Town Meeting approved $100,000 under Article 13 to implement the National Pollutant Discharge Elimination (NPDES) federal mandate.
Under Article 14, Town Meeting approved $200,000 to supplement the town’s Chapter 90 state funding for roadway improvements.
Another $50,000 was approved under Article 15 for new sidewalks.
Under Article 16, voters agreed to spend $5,650 to pay the rental for public parking spaces and access through the lot in the rear of alano in downtown Wakefield.
Voters approved $250,000 under Article 17 for upgrades to the water treatment plant on Broadway at Crystal Lake.
After some discussion, under Article 18 voters approved by a hand-counted vote of 111-5 a $251,415 betterment project for the Mount Pleasant Avenue and Everett Street private ways.
There were several questions from the floor on Article 19, which sought to update fees charged by the Building Department. After Building Inspector Jack Roberto answered the questions, voters overwhelmingly approved the changes.

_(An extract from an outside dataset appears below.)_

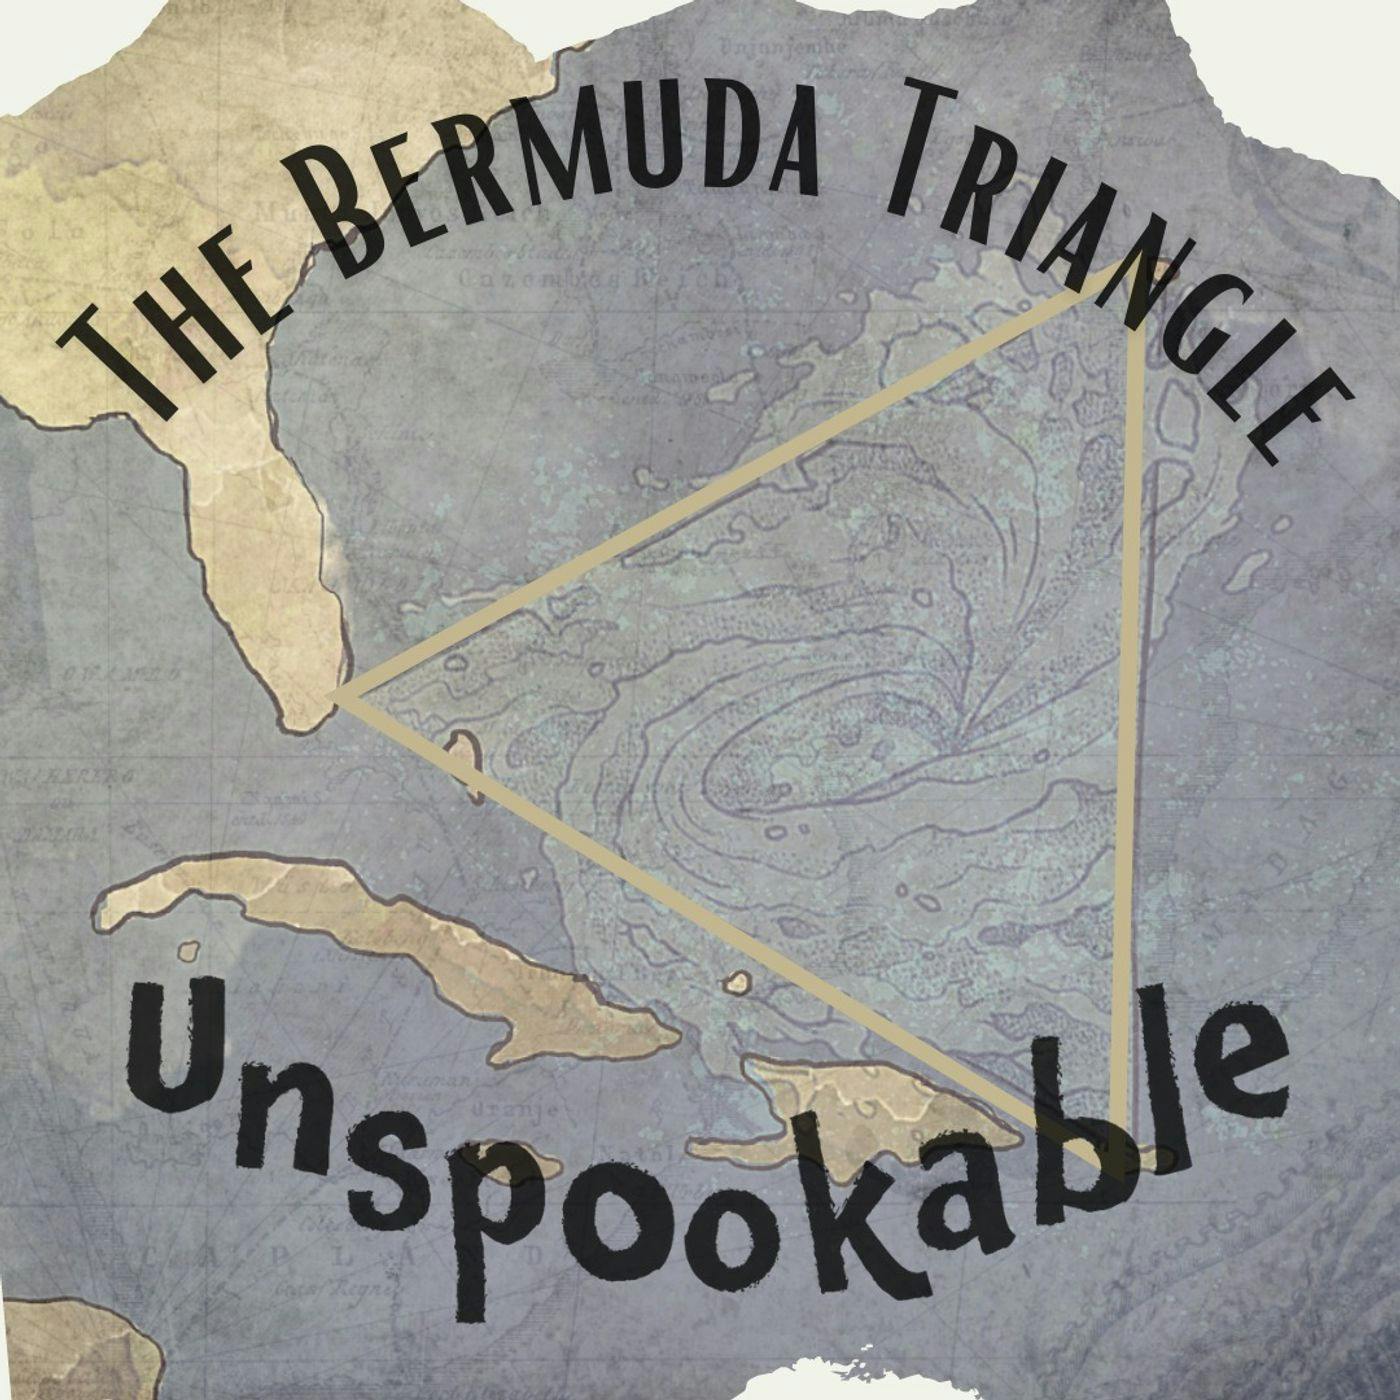 Episode 36: The Bermuda Triangle

Despite some questions from the floor, by a hand-counted vote of 101-2, Town Meeting approved Article 20, which sought to rezone a parcel at 592 North Ave. from the Single Residence District to the Business District.
According to temporary Town Clerk Rose Morgan, who was overseeing her last Town Meeting, there were 142 voters in attendance when Town Moderator William Carroll gaveled Annual Town Meeting open at 7 p.m. and a high of 219 had checked in at the last count at 10 p.m.